* **Problem description**: Retype the data that follows line by line, exactly, and leave its pictures out.

* **Available data**:
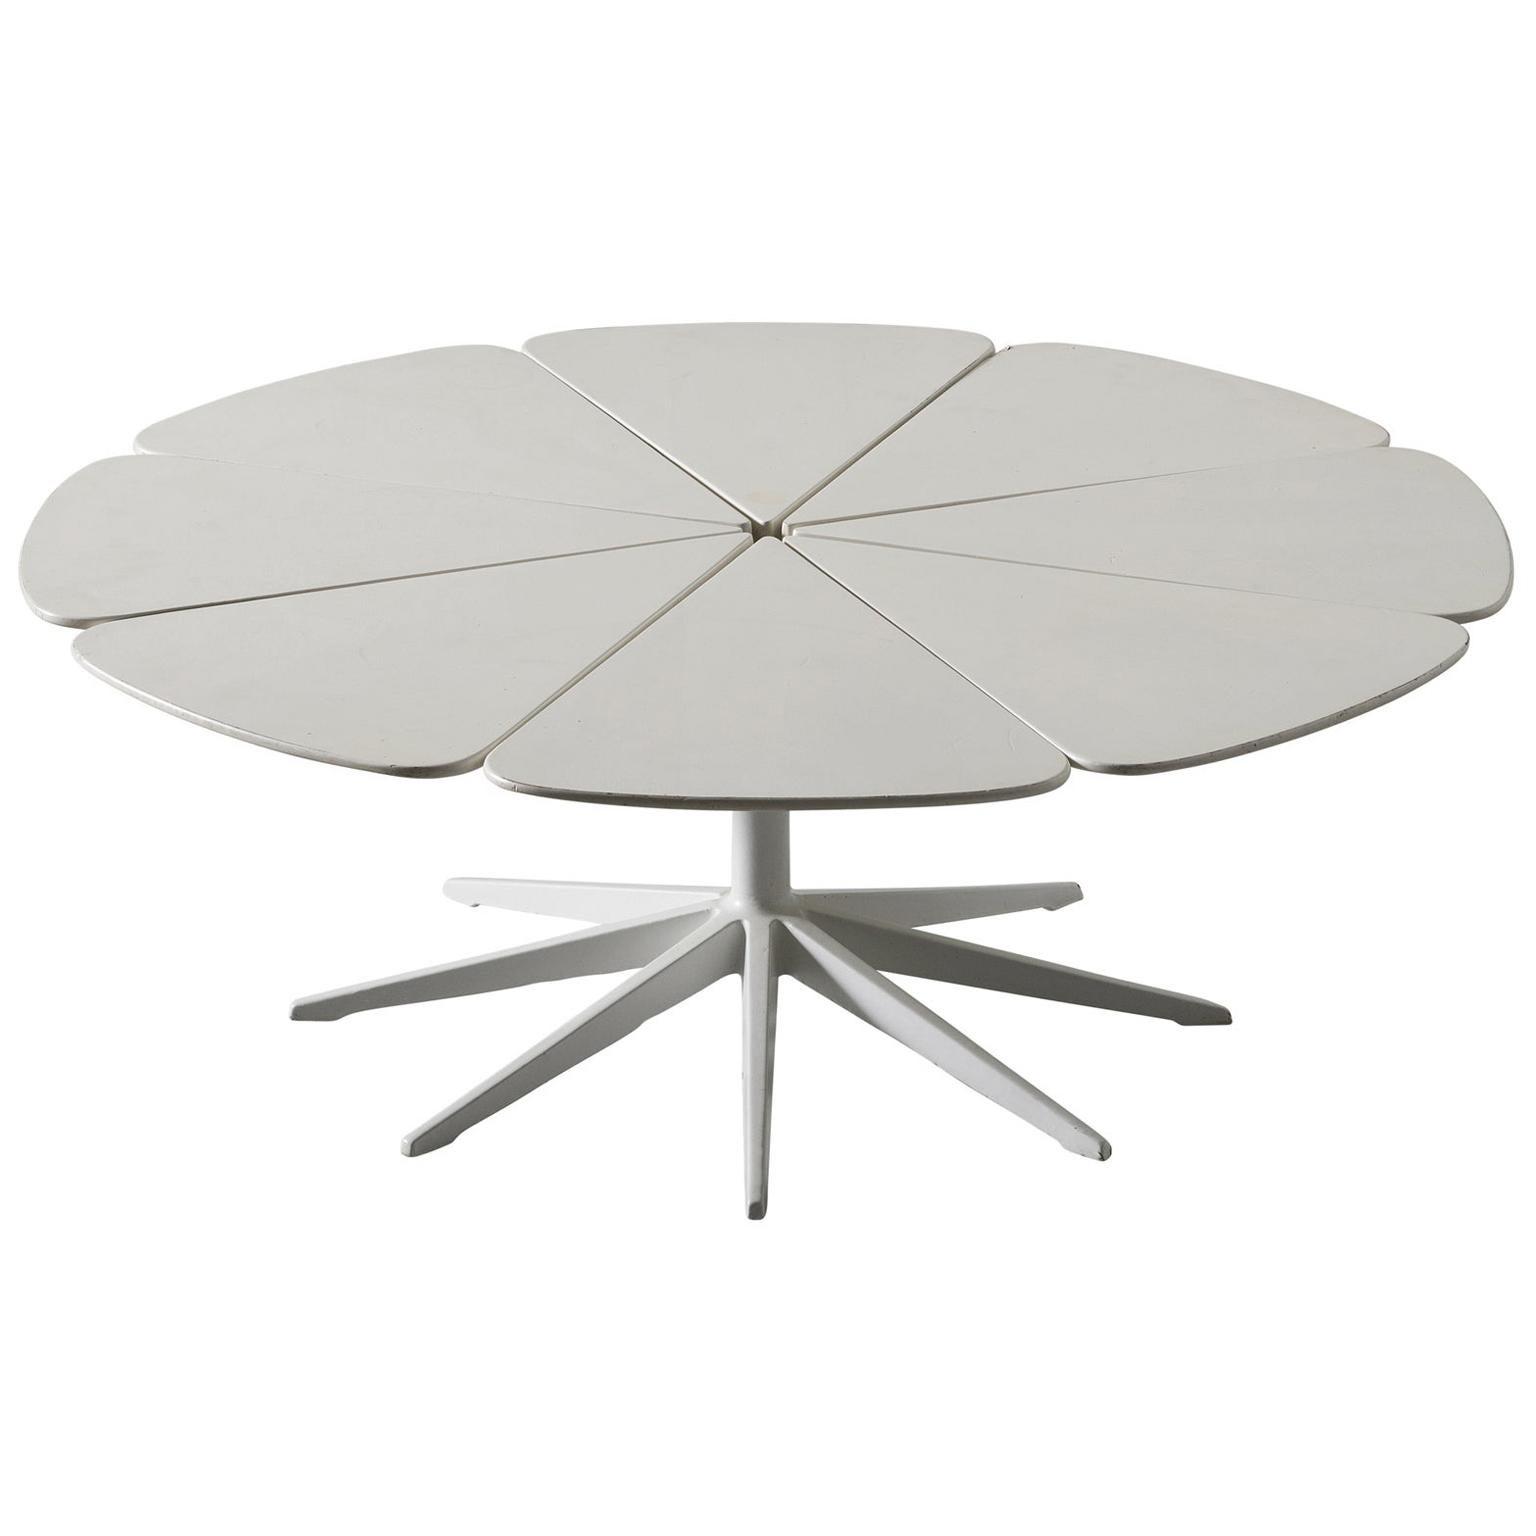 Richard Schultz for Knoll White Petal Side Table
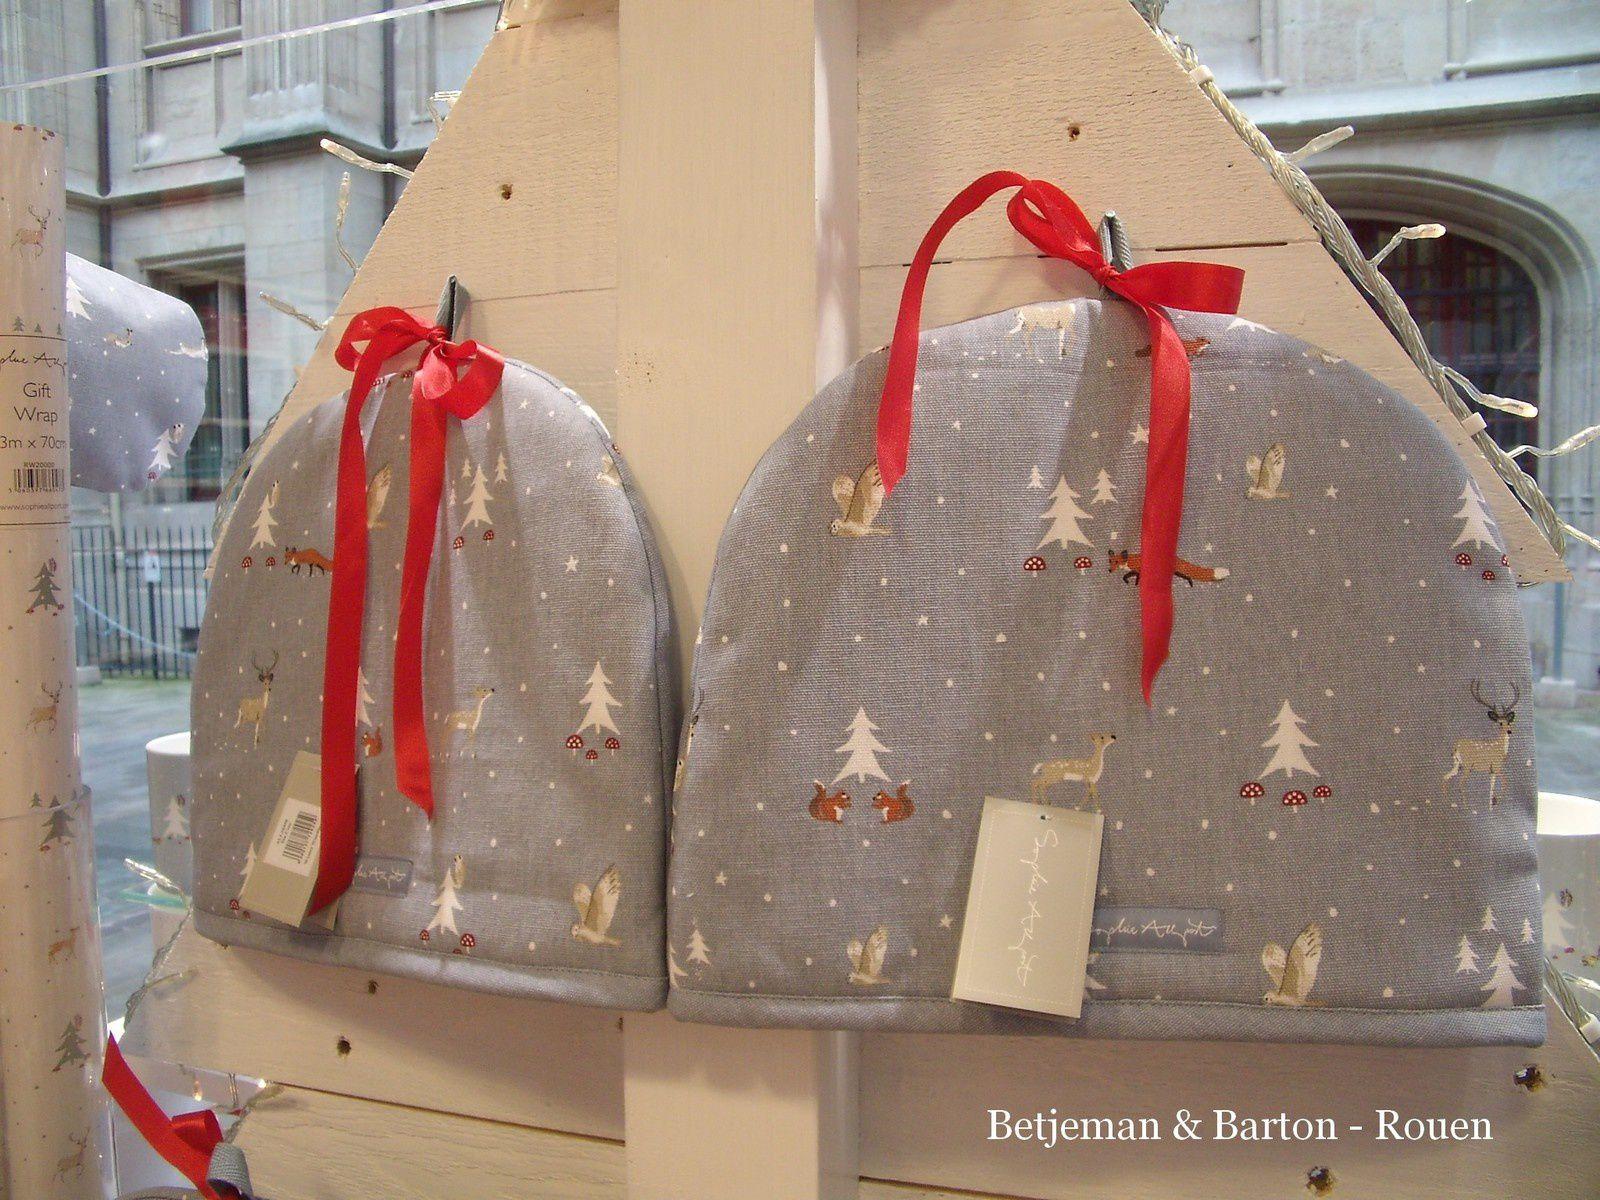 Noël 2014 chez Betjeman and Barton Rouen
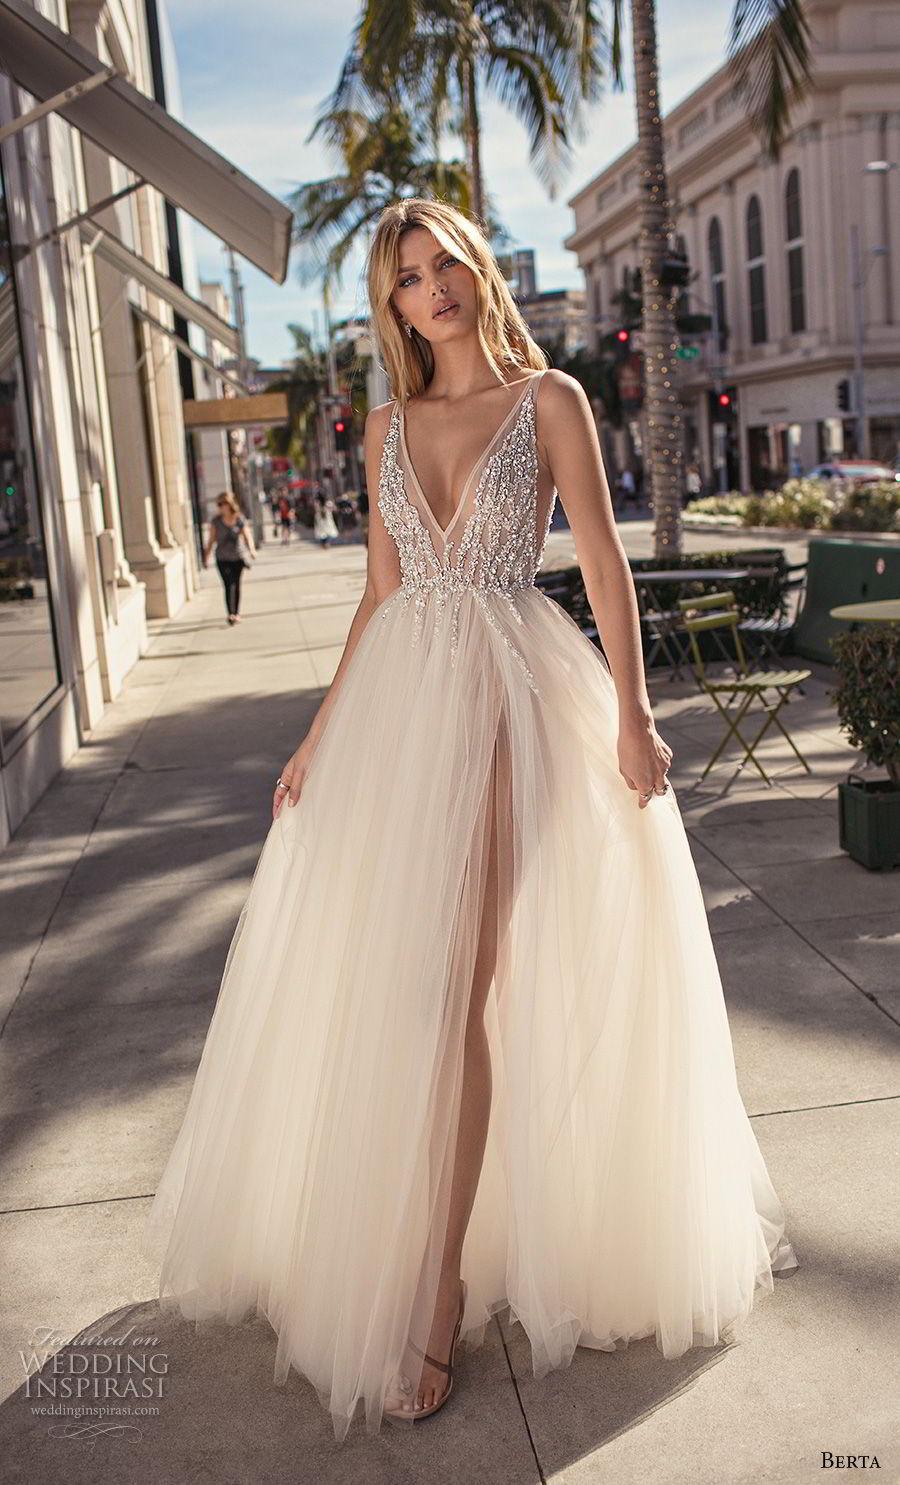 berta 2019 muse bridal sleeveless deep v neck heavily embellished bodice slit skirt glitzy romantic a  line wedding dress v back chapel train (11) mv
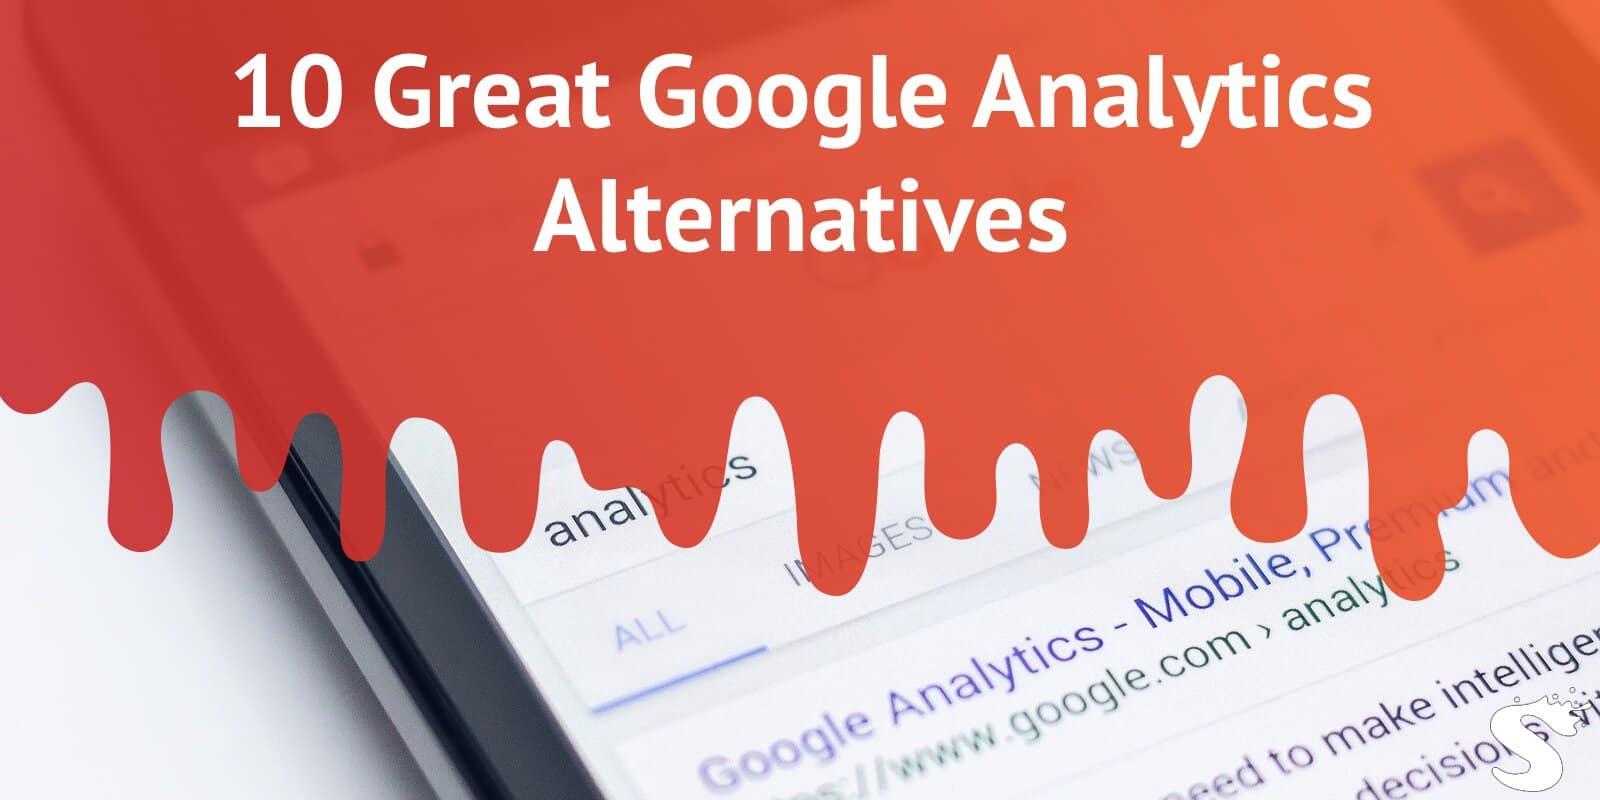 10 Great Google Analytics Alternatives

* **Solution to the exercise**:
 Richard Schultz for Knoll White Petal Side Table
 Noël 2014 chez Betjeman and Barton Rouen
 berta 2019 muse bridal sleeveless deep v neck heavily embellished bodice slit skirt glitzy romantic a  line wedding dress v back chapel train (11) mv
 10 Great Google Analytics Alternatives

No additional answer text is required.